▶ _EXERCISE OBJECTIVE_
Quote the listing below in its entirety, omitting every image.

▶ _RECORDED INFORMATION_
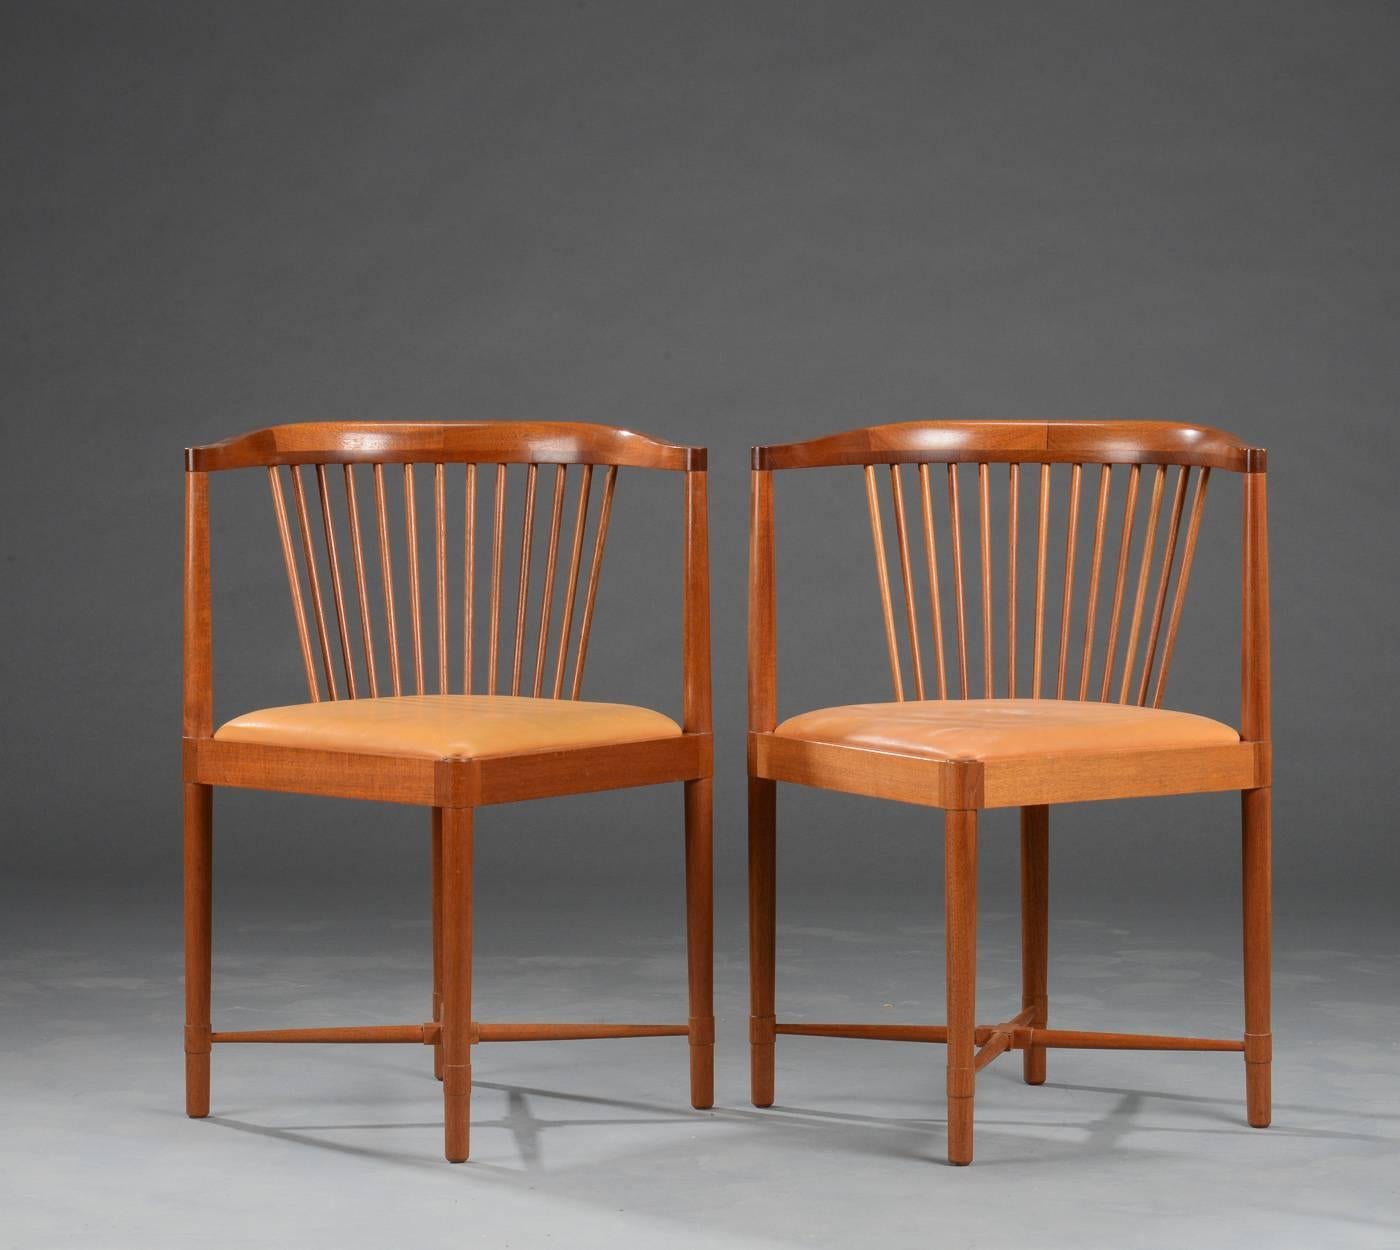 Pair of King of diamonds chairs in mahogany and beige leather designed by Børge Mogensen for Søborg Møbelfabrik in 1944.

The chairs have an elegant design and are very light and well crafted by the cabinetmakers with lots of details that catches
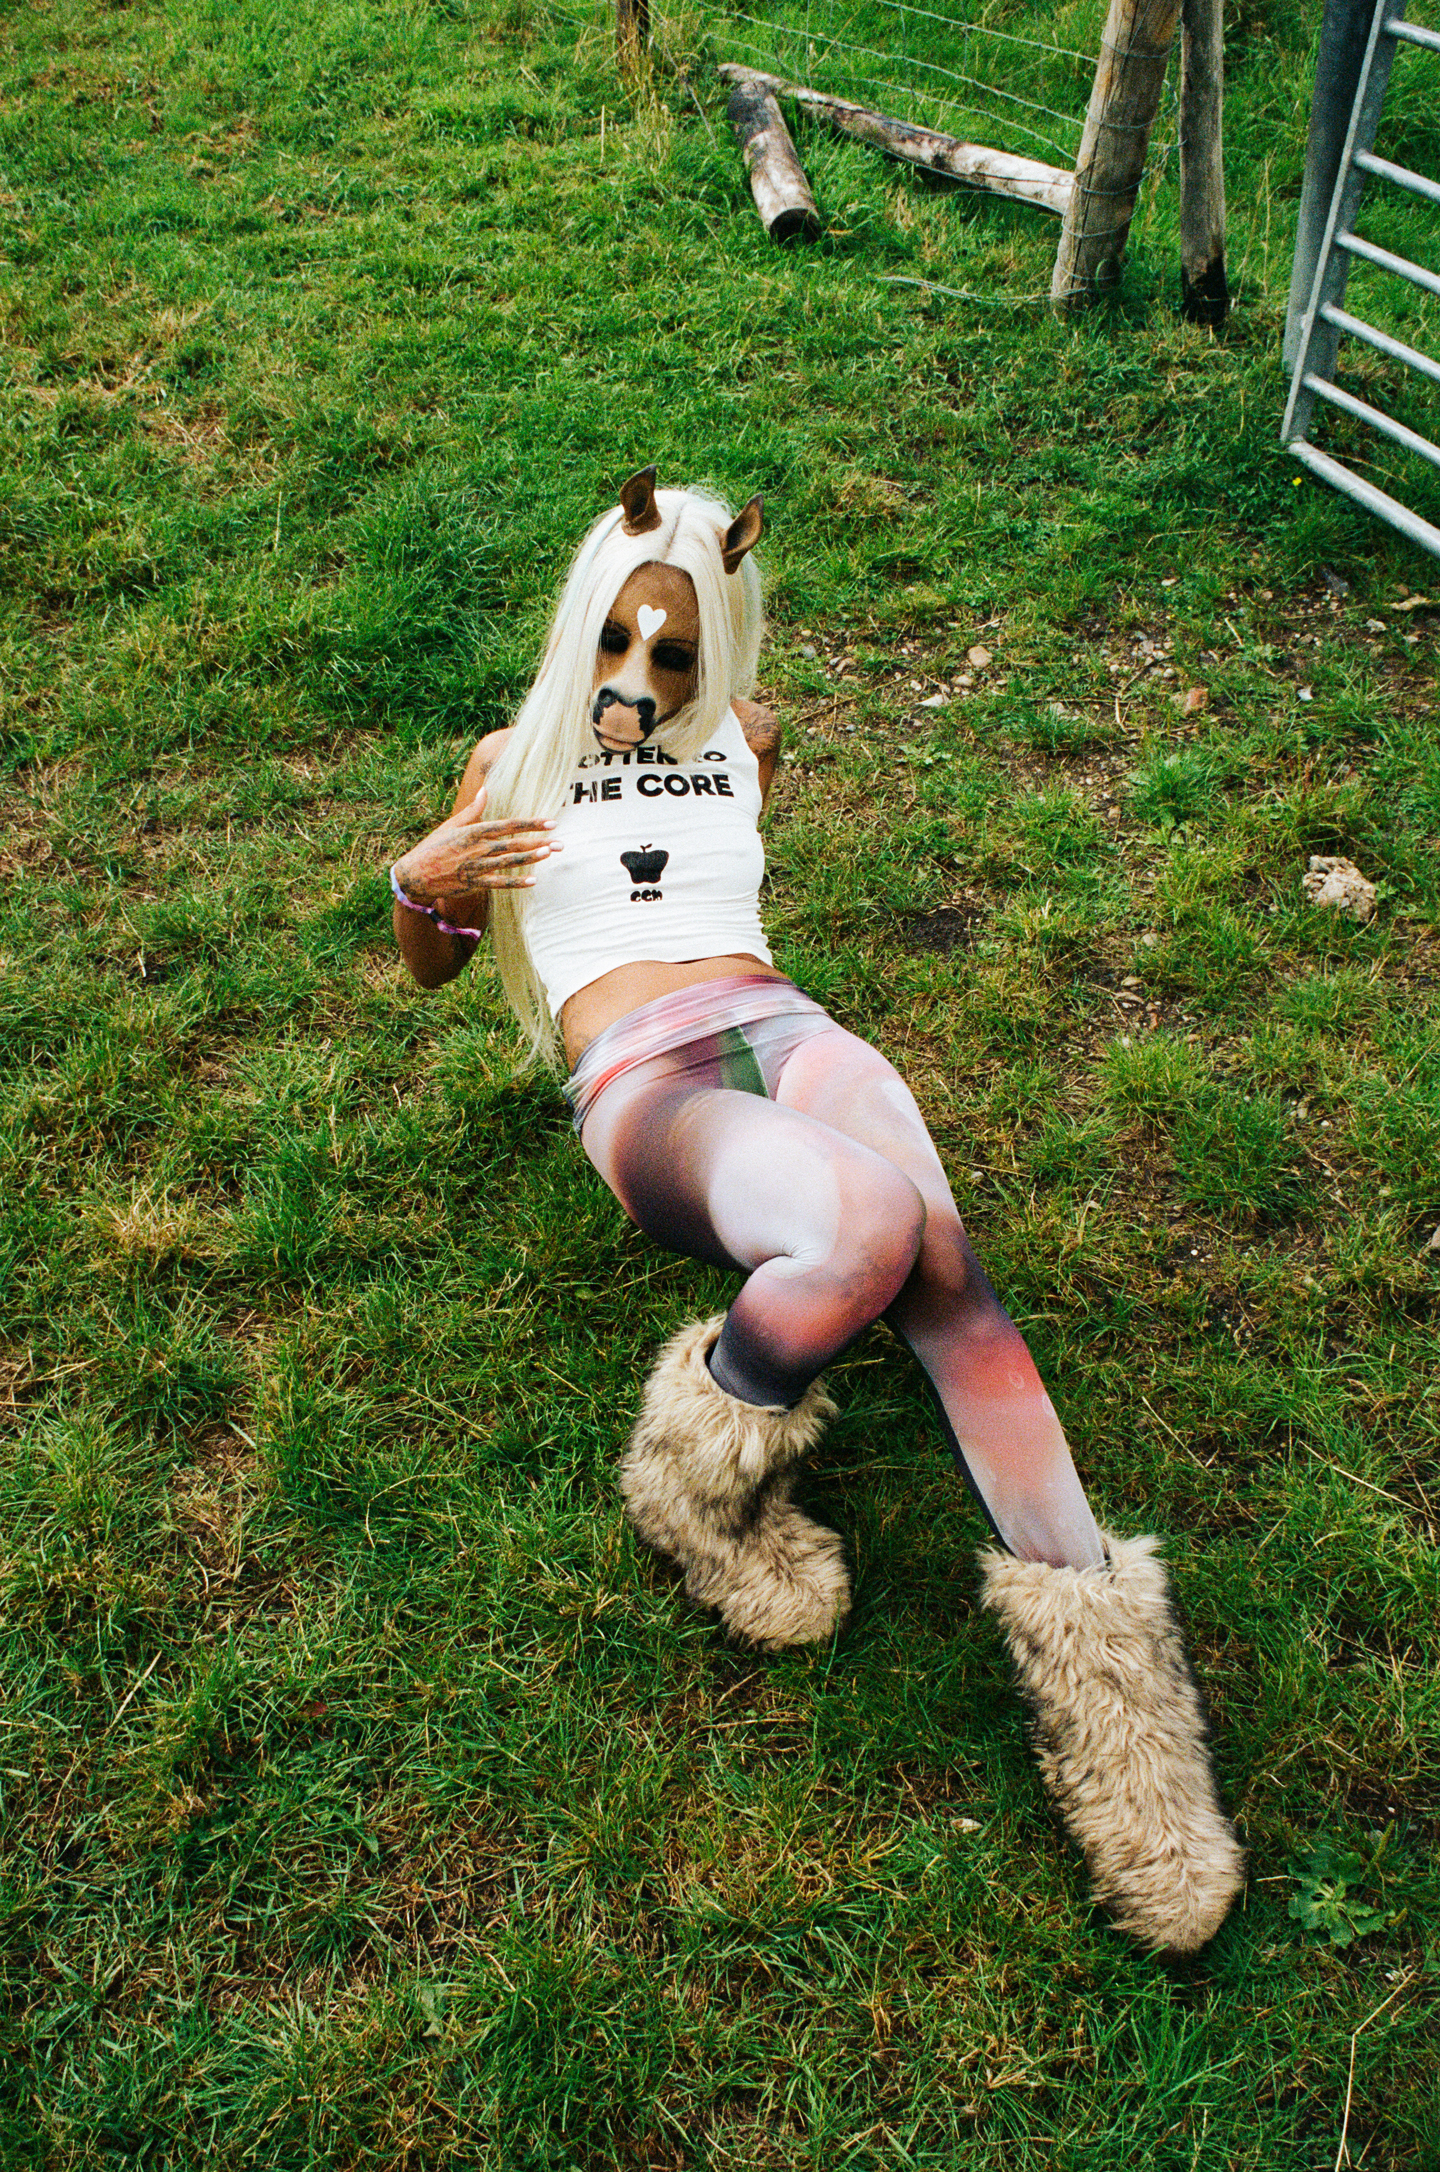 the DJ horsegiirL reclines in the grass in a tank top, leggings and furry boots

▶ _TASK RESULT_
 Pair of King of diamonds chairs in mahogany and beige leather designed by Børge Mogensen for Søborg Møbelfabrik in 1944.

The chairs have an elegant design and are very light and well crafted by the cabinetmakers with lots of details that catches
 the DJ horsegiirL reclines in the grass in a tank top, leggings and furry boots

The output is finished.